[Provided data Boundary: Start]
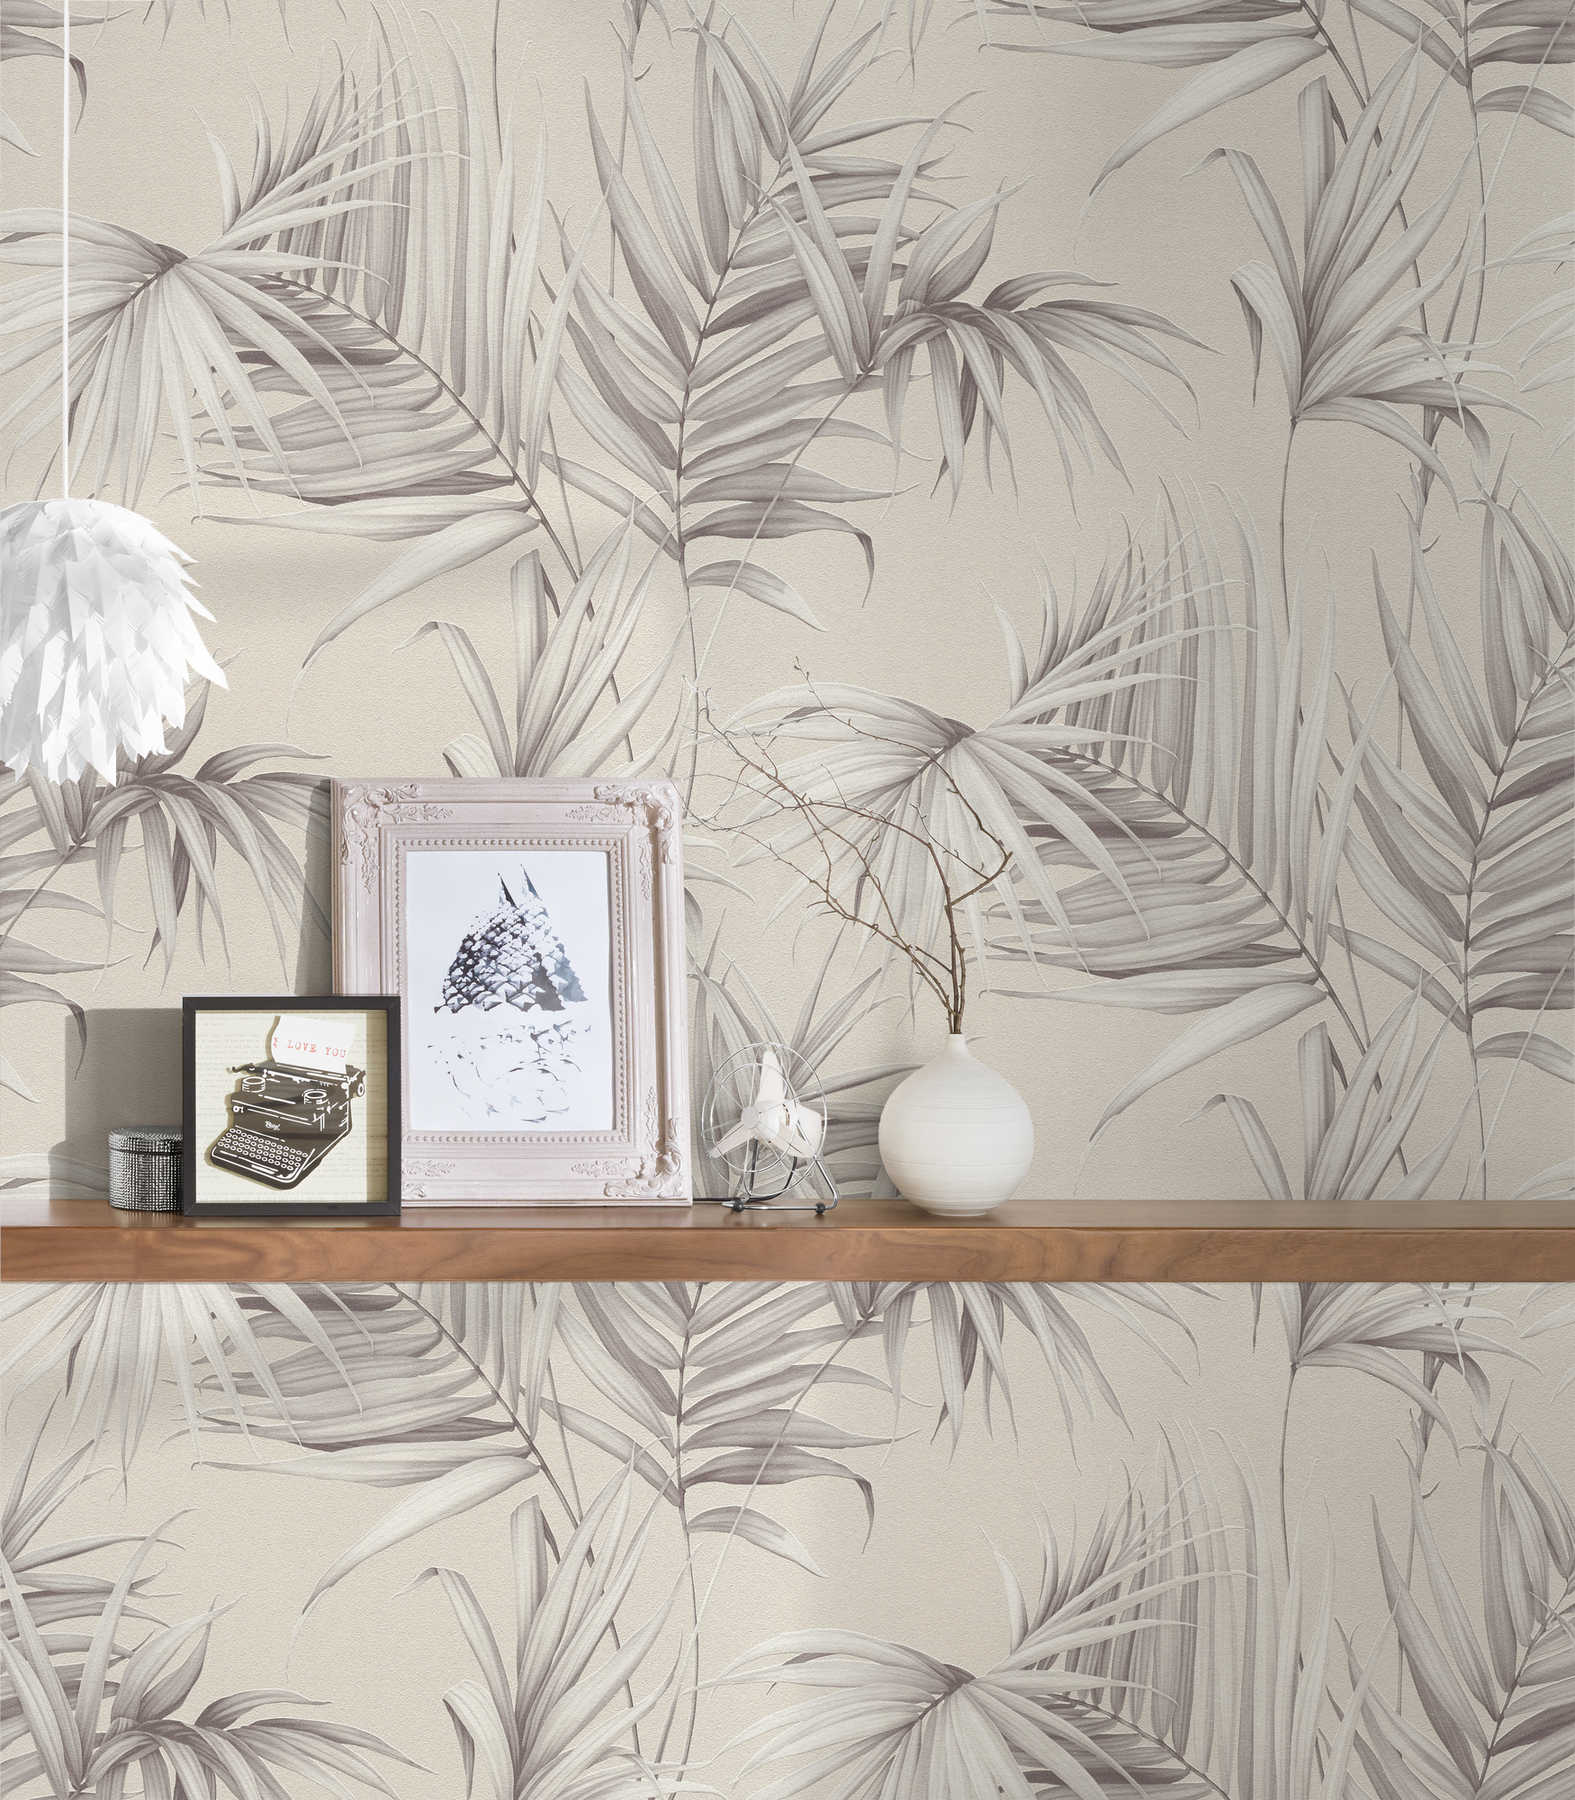             Papel pintado de hojas de palmera con efecto de estructura - beige, gris
        
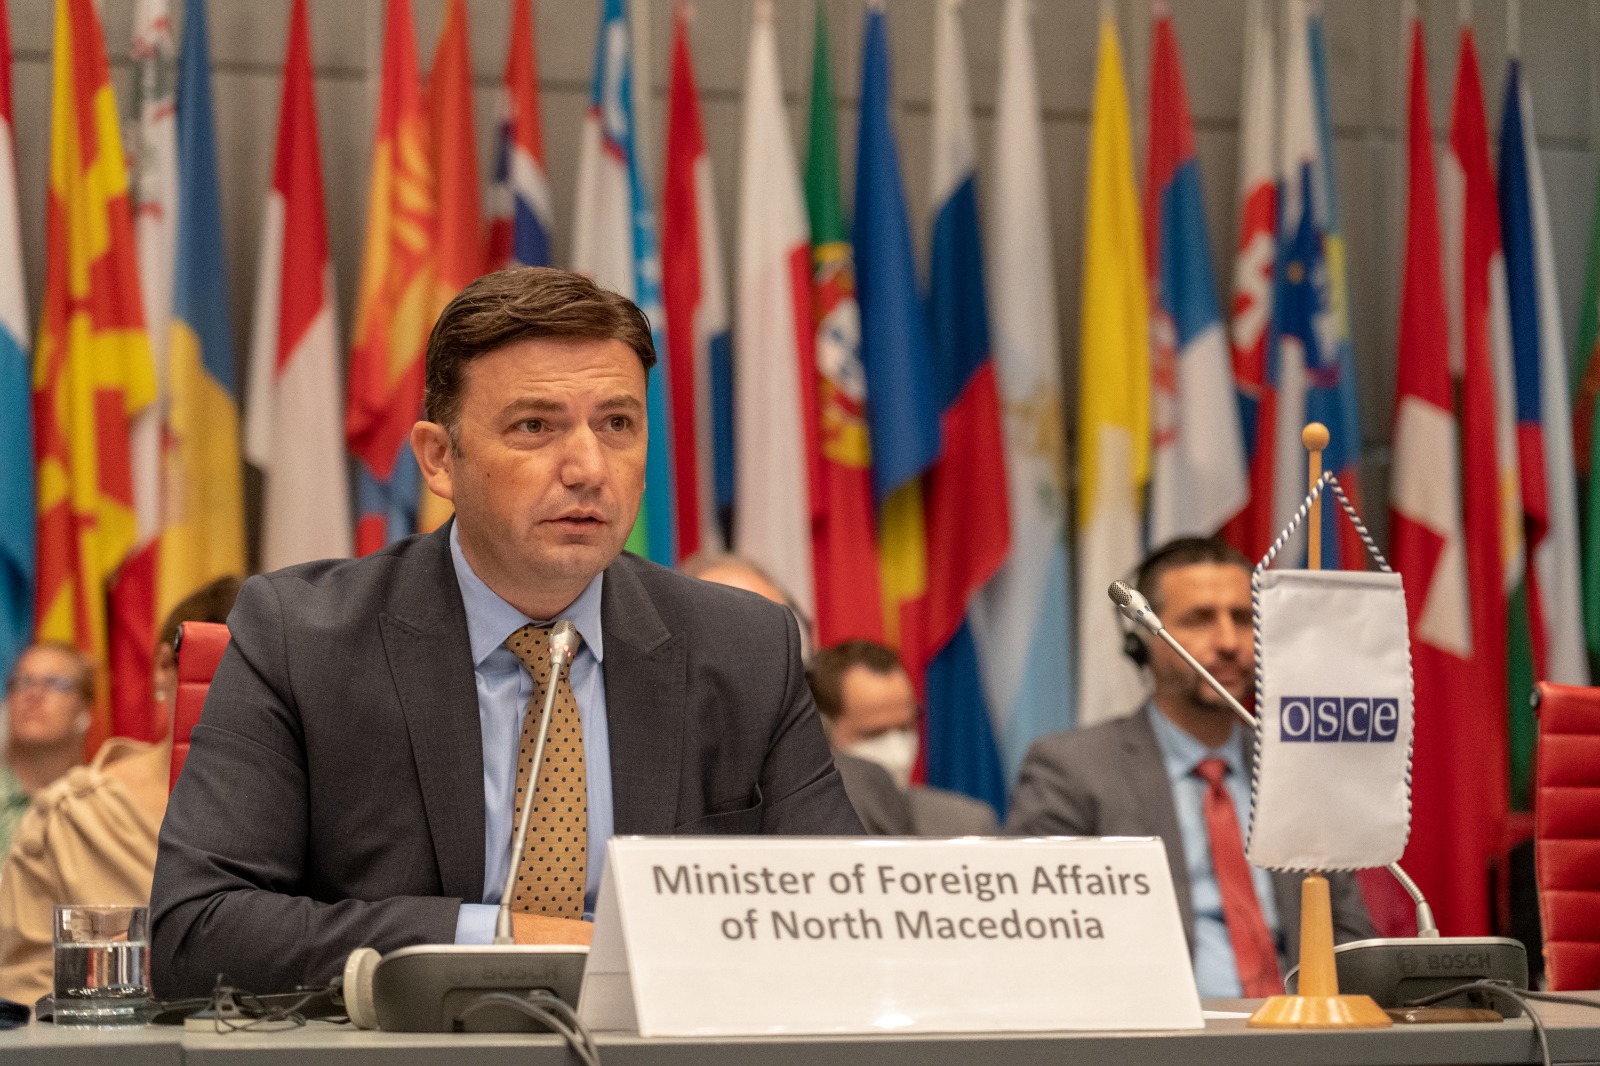 Ukrayna, K. Makedonya’nın AGİT dönem başkanlığı sırasında ana önceliklerden biri olacak
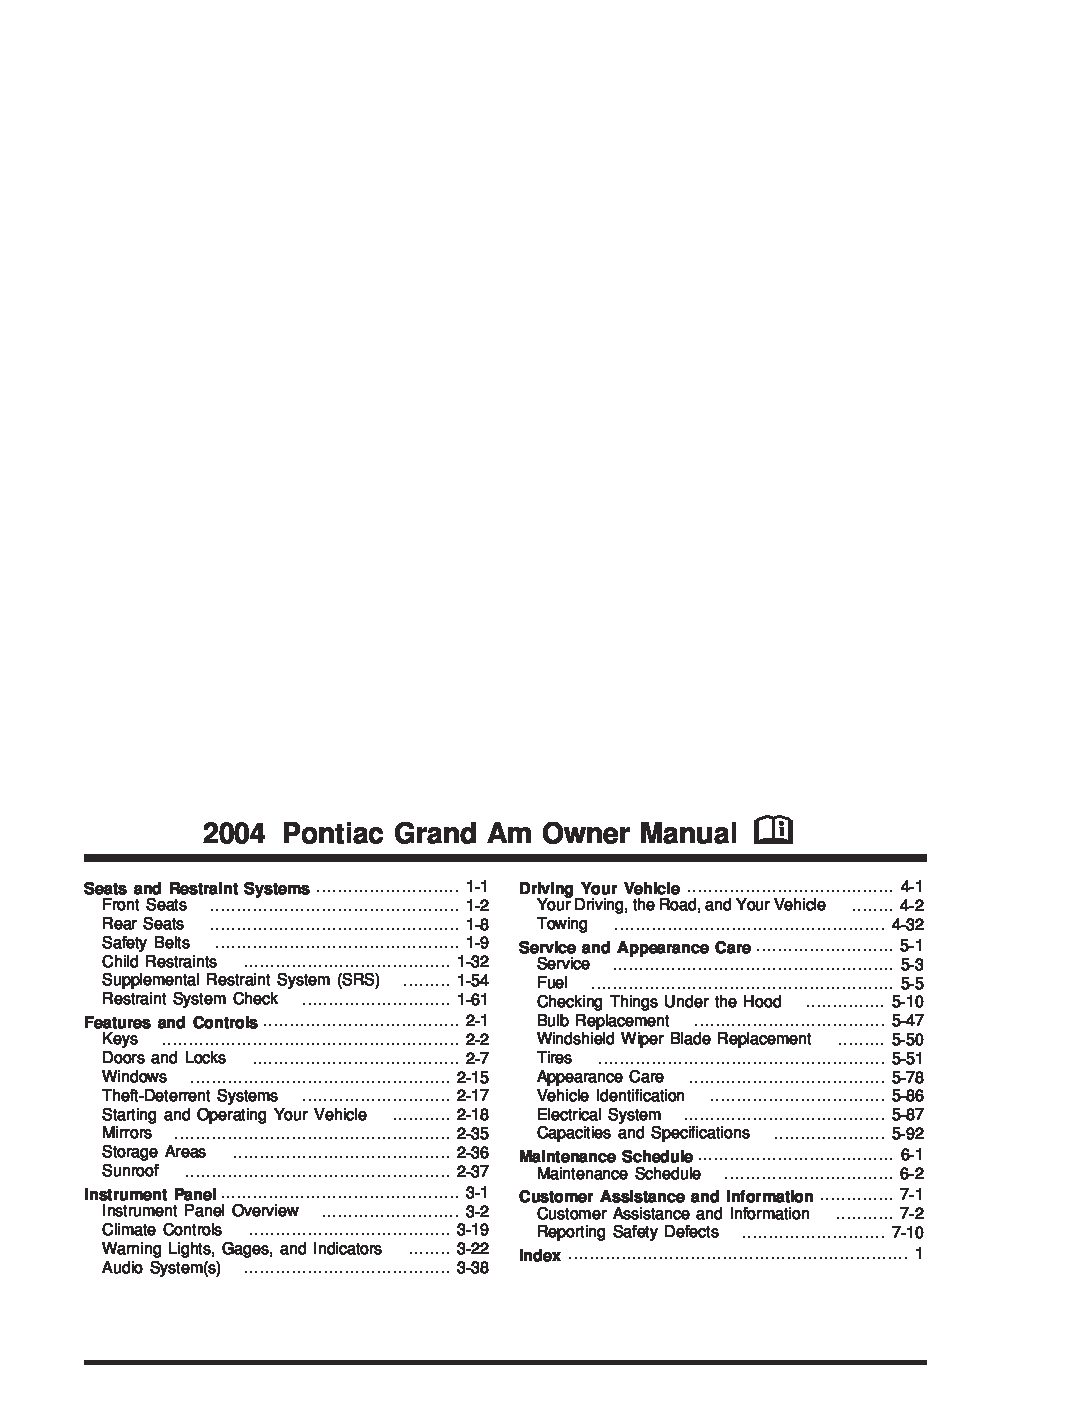 2004 pontiac grand am manual pdf
[Provided data Boundary: End]
# Task description
The data above must be written out again word for word, without its pictures.

# Answer to this exercise
             Papel pintado de hojas de palmera con efecto de estructura - beige, gris
        
 Ukrayna, K. Makedonya’nın AGİT dönem başkanlığı sırasında ana önceliklerden biri olacak
 2004 pontiac grand am manual pdf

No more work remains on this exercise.